The similarity evaluation of variable names described in the previous section forms the foundation for detecting the confusing variable pair. In general, a software product includes many source files, and each source file has various variables. Hence, it is not easy to extract all variable pairs and evaluate their similarities, even if we focus only on compound names. To support programmers with the detection of confusing variable pairs, we developed tool support for Java and Python programs. We describe the support tools in this section.

5.1 Outline

Both support tools for Java and Python process a source file and output the detection report in the following steps (Fig. 3).
1.
The tool parses the source file and obtains the abstract syntax tree (AST) data.
 
2.
It analyzes the AST and extracts the variables with compound names. The tool produces the variable table providing the variable’s name, type, kind (local variable, class field, etc.) and scope information.
 
3.
The tool extracts the variable pairs whose scopes overlap, i.e., the candidate set of confusing variable pairs, from the variable table.
 
4.
For each variable pair in the candidate set, the tool computes the similarity between their names from both string and semantic perspectives.
 
5.
Finally, the tool warns the variable pairs using the pre-defined similarity thresholds and sorts them to output the confusing variable pair report.
 
For the convenience of developing parsers, we separately developed the analysis program corresponding to steps 1 and 2 for Java and Python, respectively. The programs corresponding to the remaining steps are common to Java and Python but use different Doc2Vec models and thresholds for these languages. The support tools are available from our public repository https://​github.​com/​amanhirohisa/​cvpfinder.

5.2 Support Tool for Java

To parse Java source files, we utilized JavaParser 3.42.28. JavaParser is an open-source library for analyzing Java programs. We developed an analysis program in Java: the program parses the source file using JavaParser and traverses the AST to obtain variable declarations (corresponding to steps 1 and 2). In this tool, a “variable” corresponds to a local variable declared in a method, a method parameter, or a class field. We extract the variable’s name and type from the declaration’s AST node. Moreover, we examine the scope range where the variable is available by checking the corresponding ancestor AST nodes. We define the beginning and the ending of a variable’s scope as the first and the last lines of the closest block containing the variable’s declaration, respectively. Notice that our tool does not support lambda expressions because they can declare different variables with the same name on the same line of code, and we cannot discriminate those variables.
After extracting variables from Java programs, we single out the variables with compound names. As described in Sections 3.1 and 4.2, we consider a variable’s name to be a compound name if it is written in camelCase, snake_case, or a simple concatenation of dictionary words (or well-known abbreviations). We developed a Python program to pick compound-named variables using Spiral 1.1.0 and PyEnchant 3.2.2. To cover well-known abbreviations, we prepared an additional private dictionary as well.
For the next step (Step 3), we developed another Python program to find all variable pairs such that their scopes overlap. For Step 4, we developed Python programs to compute the string similarity using the Levenshtein similarity (see Section 4.1) and the semantic similarity using the Doc2Vec model (see Section 4.2), respectively. Since there may be a difference in naming variables between Java and Python trends, we prepared different models that we trained using different variable data. We used the variable data collected in our investigation described in the next section.
For the final step (Step 5), we developed a Python program to rank the candidate variable pairs in terms of the “confusion” level. Because there are two criteria of name similarity, we use two thresholds to filter confusing variable pairs. Then, we sort them in descending order of the number of similarity scores surpassing the predefined thresholds. We design the thresholds as user-adjustable parameters in this tool. We will explore thresholds through an evaluation study with human participants presented in the next section.

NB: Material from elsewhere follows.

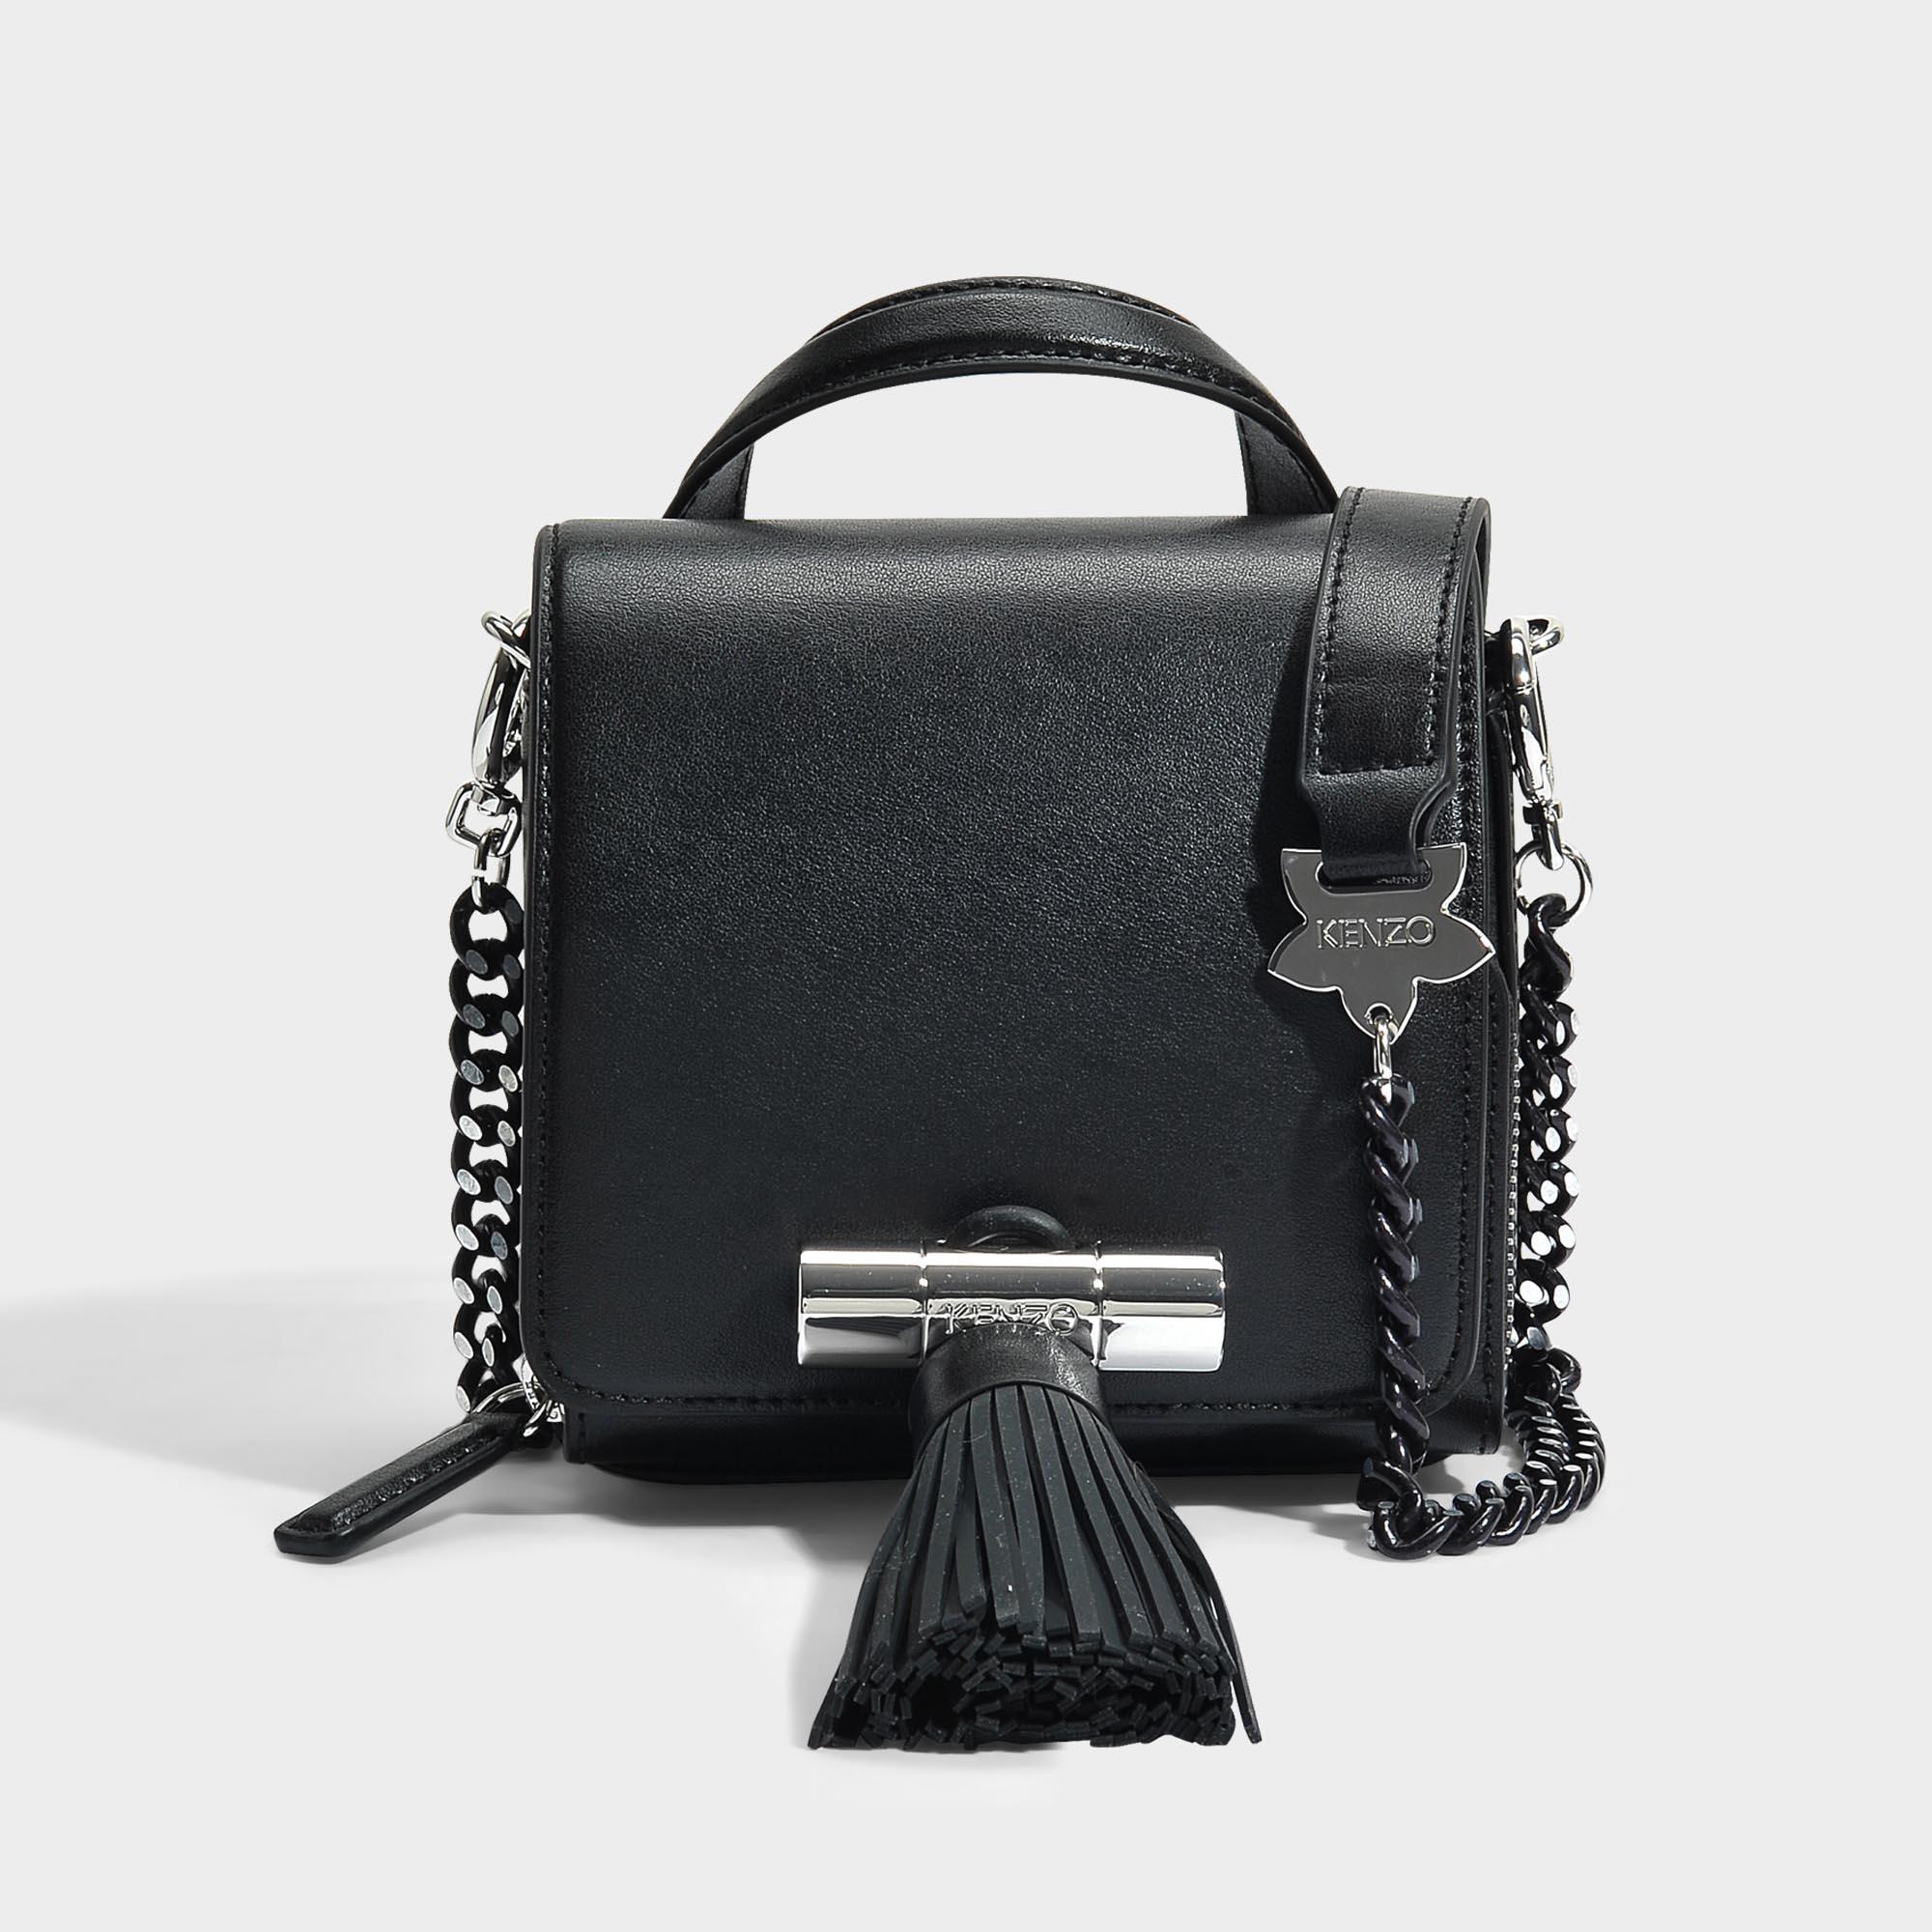 Kenzo Chaîne Marin Mini-sac À Poignée En Cuir Noir F1HcwD

5.3 Support Tool for Python

We leveraged the ast module provided in Python to parse Python source files and obtained the corresponding ASTs. Python grammar has no explicit statement for variable declaration (except for the “global” declaration). The environment allocates a variable at which the programmer assigns a value to the variable first. In other words, such a first assignment to a variable corresponds to the variable’s declaration. Thus, we traverse the AST to find ast.Name nodes and regard them as variable declaration points if they are used in the “Store” context. Furthermore, we identify the variable’s scope by checking the corresponding ancestor AST nodes. This tool supports the following three kinds of variables:
  • global variables, which are available anywhere in the module,
  • class attributes, which are available anywhere within the class, and
  • local variables, which are available only within the function or the method.
Notice that we can also use a narrower scope variable that are available only within a list like “x” in “[x for x in list]”; it is referred to as “list comprehension.” However, this tool does not support variables in the context of list comprehension because they are limited to list construction and would not become a part of confusing variable pairs. Similarly, the tool omits variables used in the context of “set comprehension” or “dictionary comprehension.”
After extracting variables from Python program as described above, our tool performs the remaining steps, i.e., making the variable table, making the candidate set, computing similarities, and reporting the confusing variable pairs. Because the remaining steps are the same as the ones described in Section 5.2, we will omit the details.

5.4 Example

We present a simple example of confusing variable pair detection by our tools. Our tools are shell scripts calling the related Java programs and Python programs to extract variable pairs and compute their similarities. The script names are “cvpfinder4j” and “cvpfinder4p” for Java and Python, respectively.
We can give a single source file or a directory containing source files as the input for our tool. Figure 4 illustrates the execution example where we gave directory “storm/external/storm-jdbc” as the input. The directory contains 20 Java source files, and our tool detected 18 confusing variable pairs. Figure 5 presents report file (report/report.csv) produced by that execution, and Fig. 6 zooms in on the part of confusing variable names. In the report CSV file, the path of the analyzed source file, the mark representing if it is a confusing variable pair, the variable names with their scopes, and the computed string and semantic similarities. The report is sorted to raise the confusing variable pairs to the top of the list. The mark “**” indicates the pair’s similarity is higher than both the string and semantic similarity thresholds; the mark “*” indicates the pair’s similarity is higher than one of the string similarity or semantic similarity thresholds. In the example, 16 pairs are identical named pairs, i.e., they are pairs of class fields and local variables with the same names; two pairs are highly similar names: “connectionProvider” vs. “connectionProviderParam,” and “columnList” vs. “columnLists.” They represent typical examples of confusing variable pairs.
We omit to show examples of using our tool for Python (cvpfinder4p) because the usage is the same as the tool for Java.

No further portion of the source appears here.